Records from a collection

+--

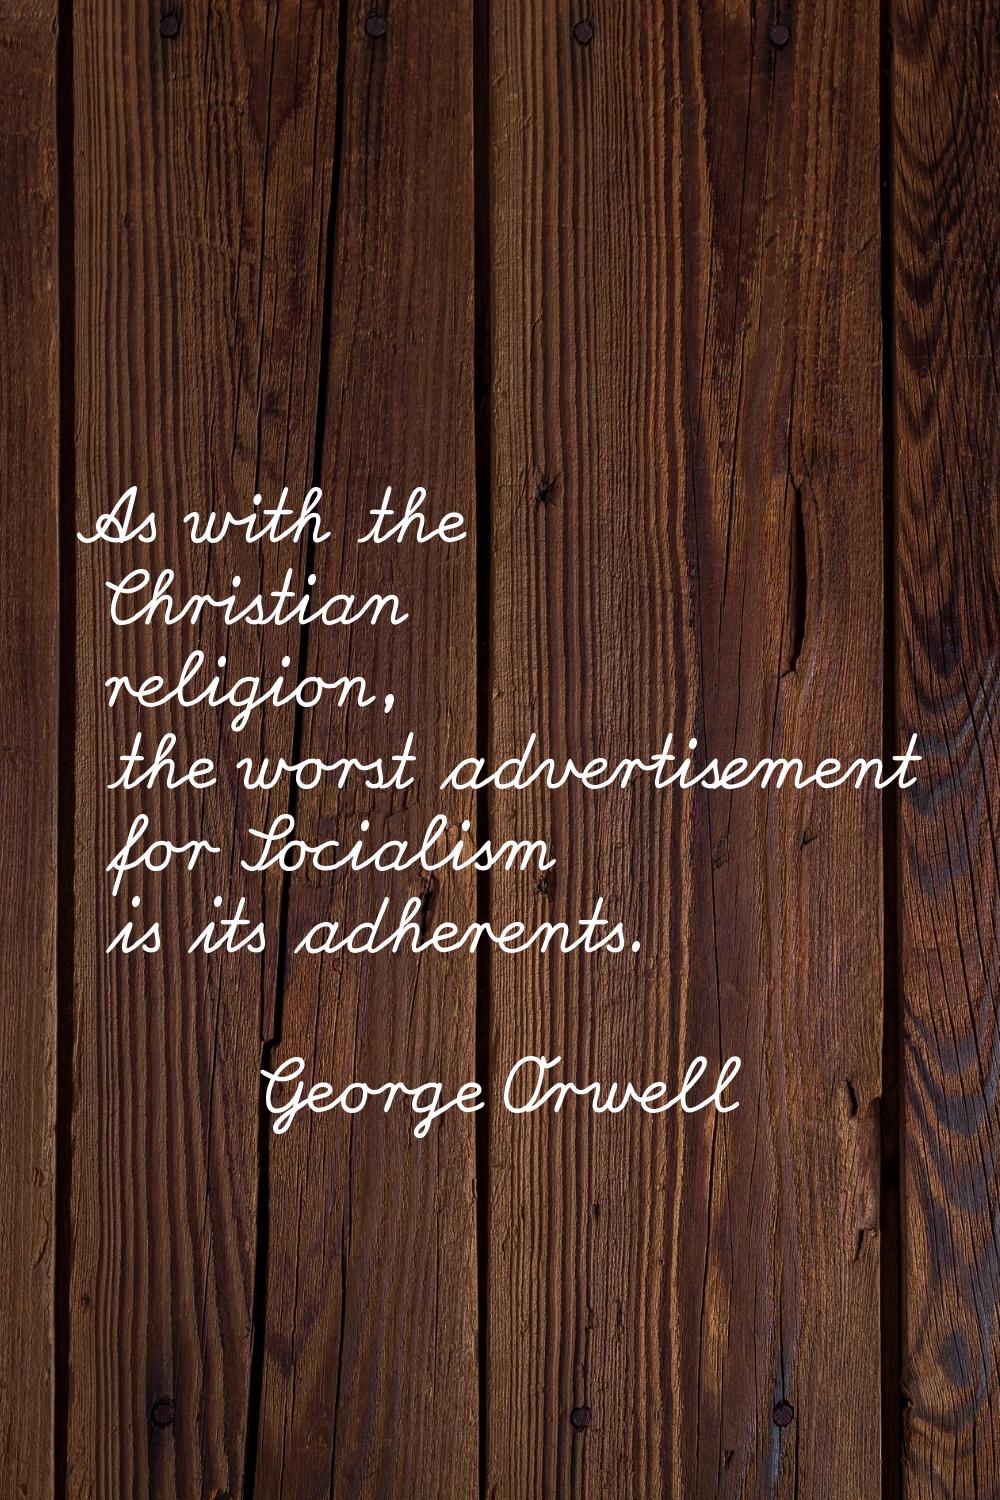 As with the Christian religion, the worst advertisement for Socialism is its adherents.
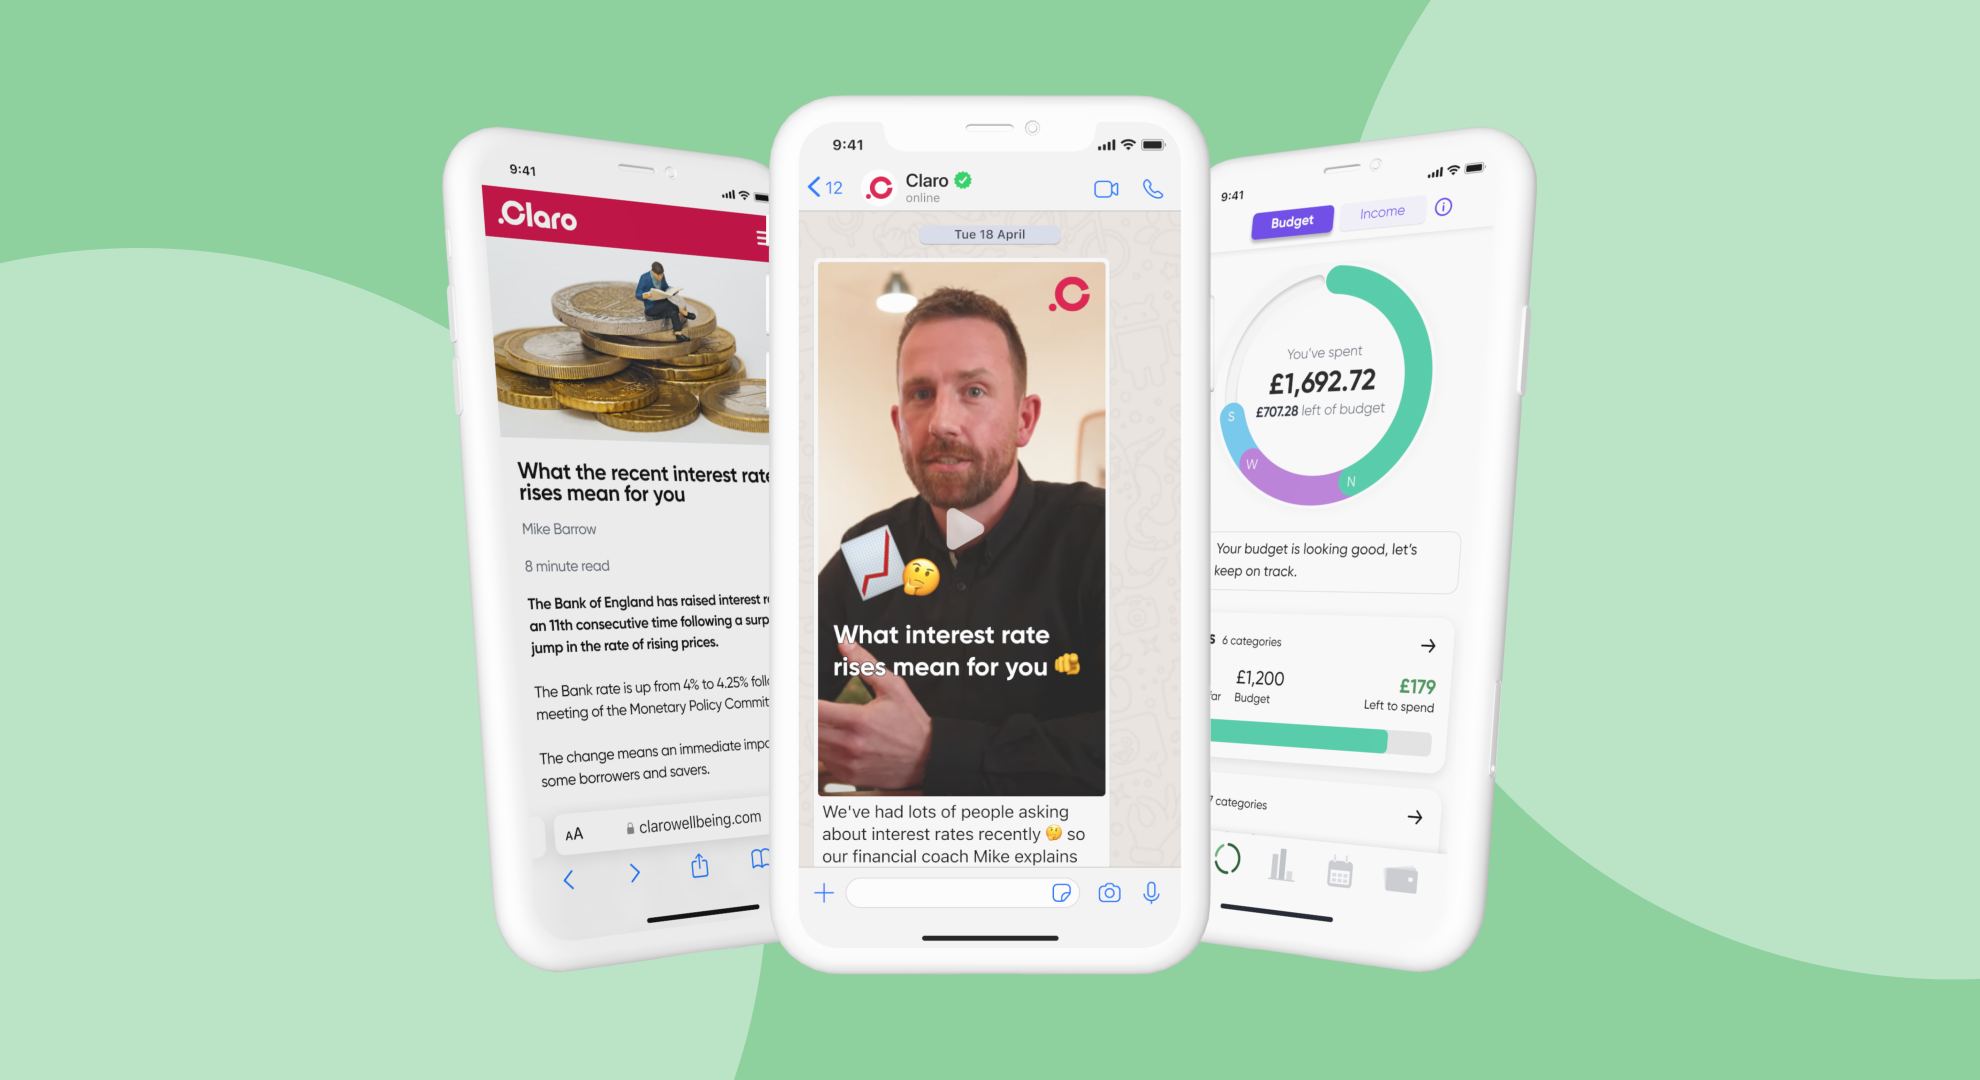 Introducing the new Claro Wellbeing – an update from our CEO
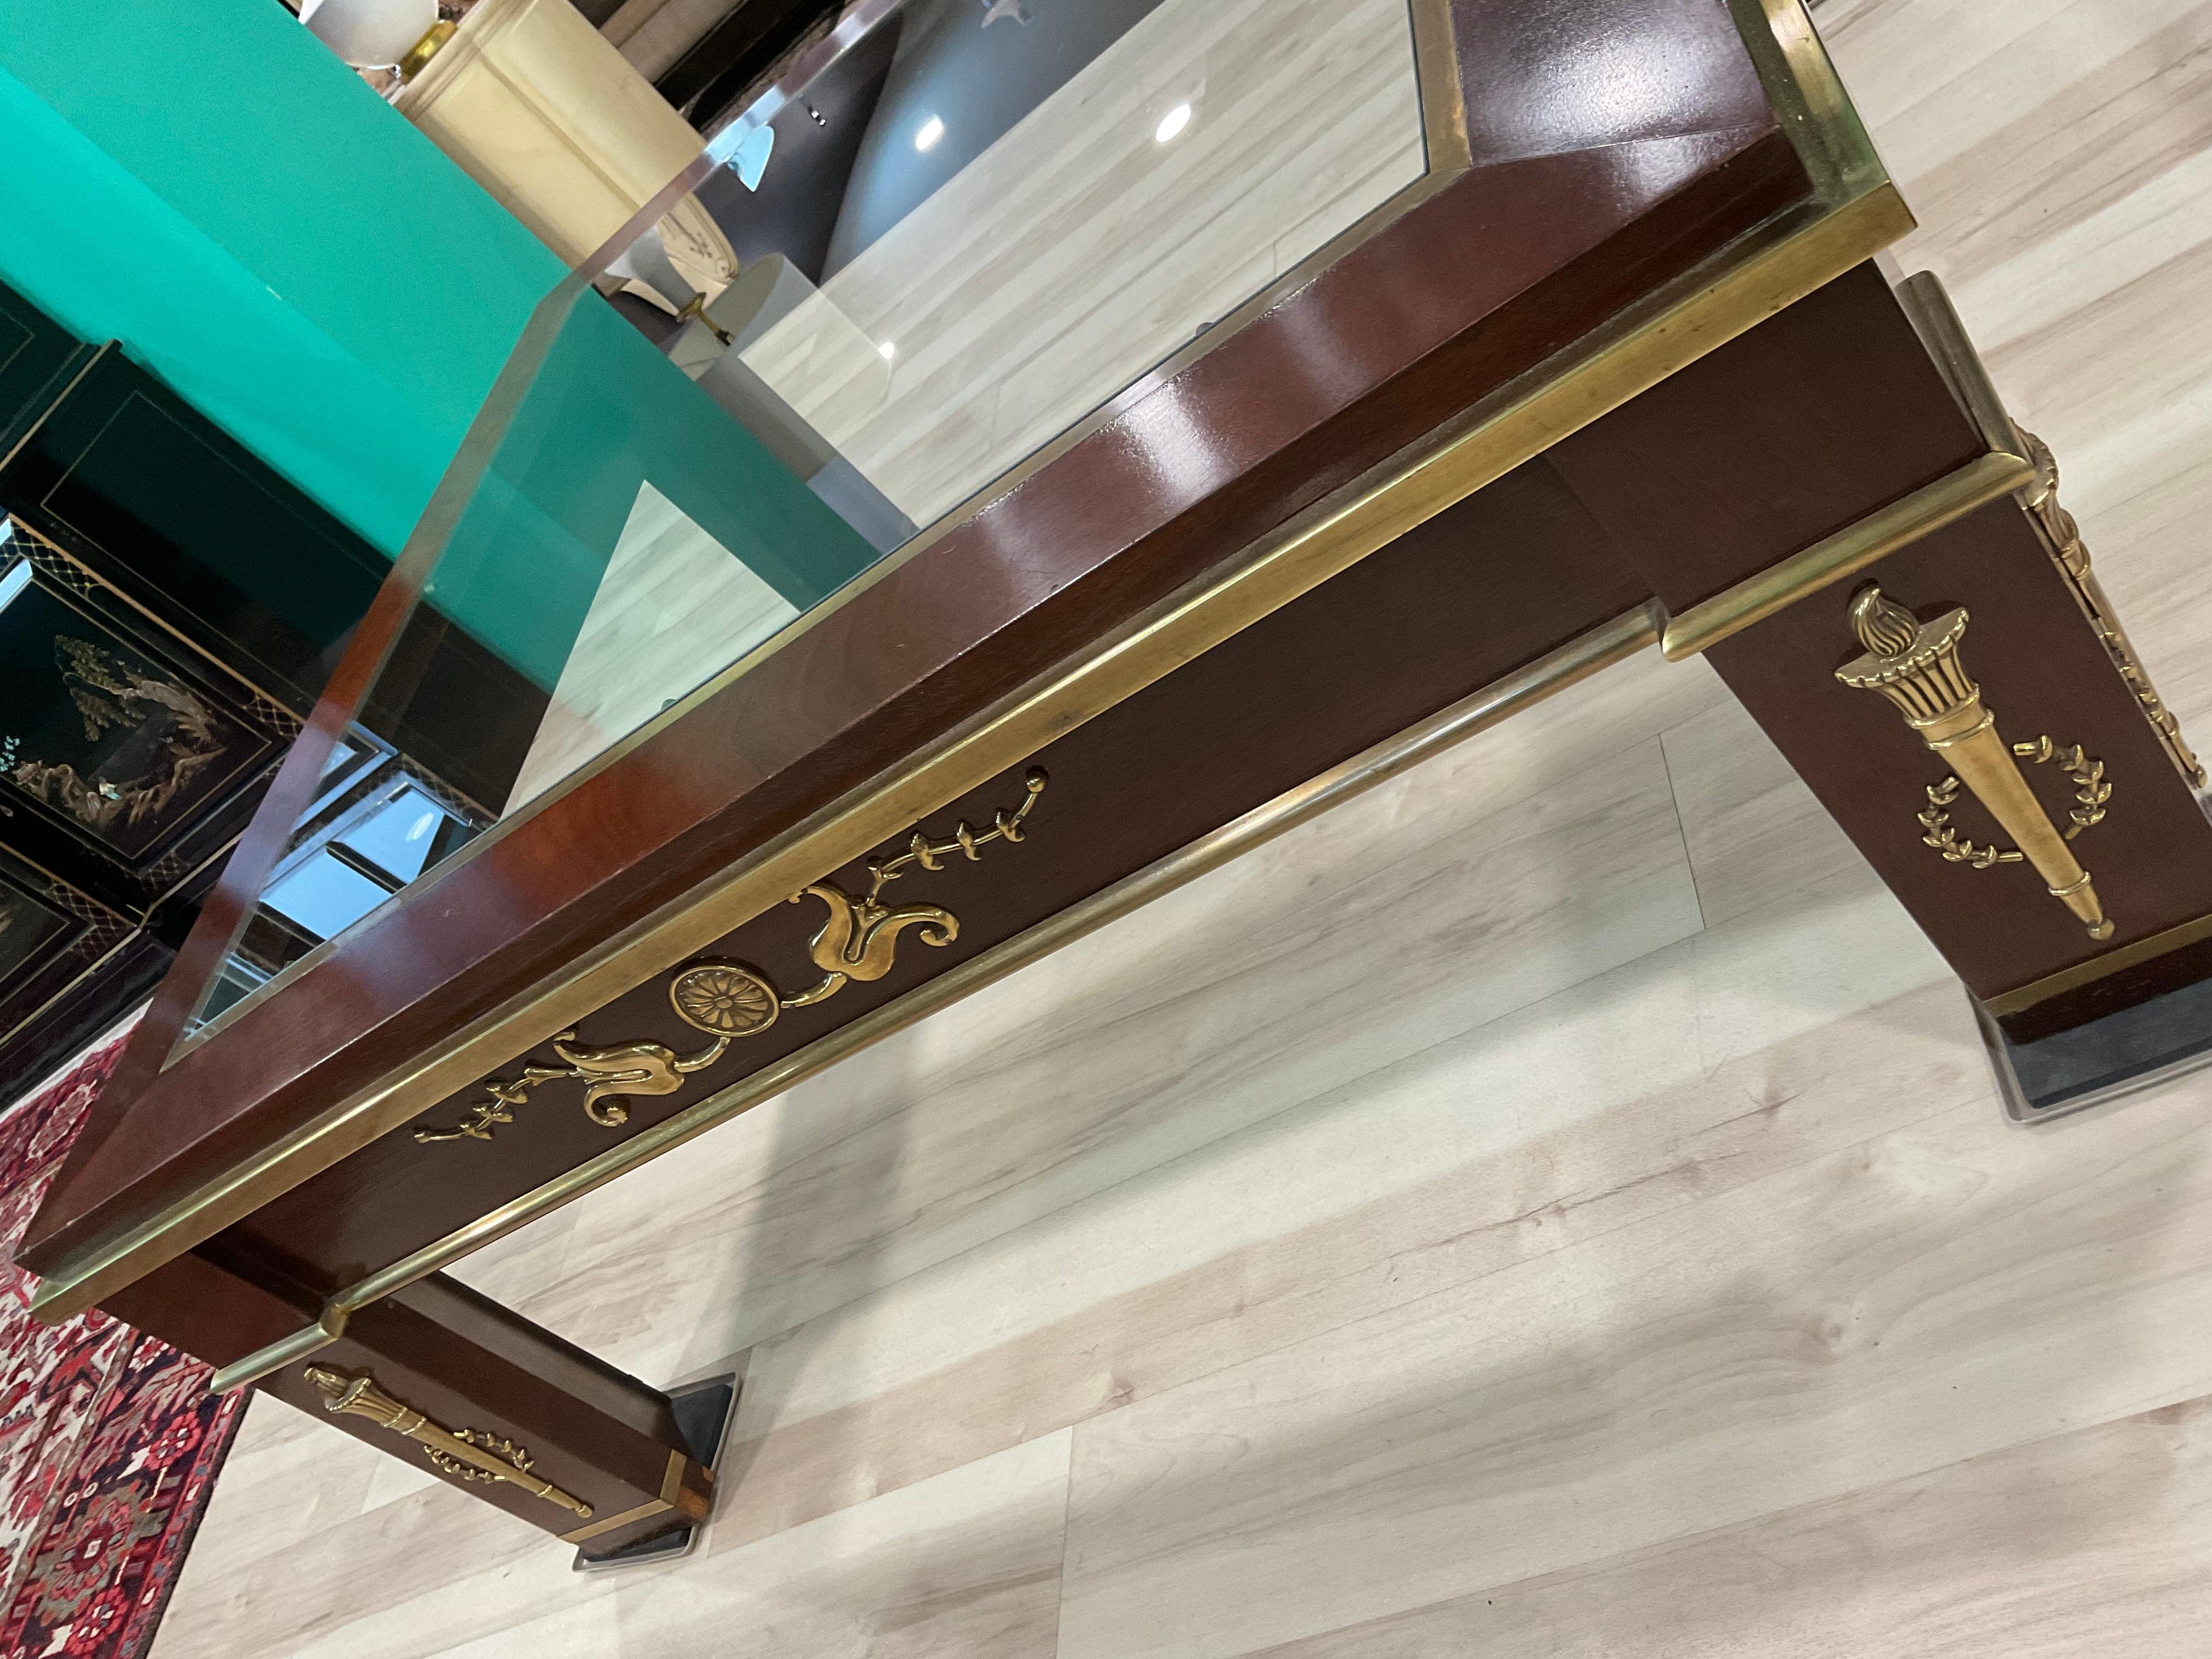 Gorgeous Brass Embellished neoclassical Coffee Table from Mastercraft. Incredible brass appliqué and trim detailing. Glass top. Beautiful piece.

Condition Disclosure:
Please understand nearly all of our inventory is comprised of rare to very rare

+--

What the exercise asks
Text only, pictures out: give every record again as written.

The answer
 As with the Christian religion, the worst advertisement for Socialism is its adherents.
 Introducing the new Claro Wellbeing – an update from our CEO
 Gorgeous Brass Embellished neoclassical Coffee Table from Mastercraft. Incredible brass appliqué and trim detailing. Glass top. Beautiful piece.

Condition Disclosure:
Please understand nearly all of our inventory is comprised of rare to very rare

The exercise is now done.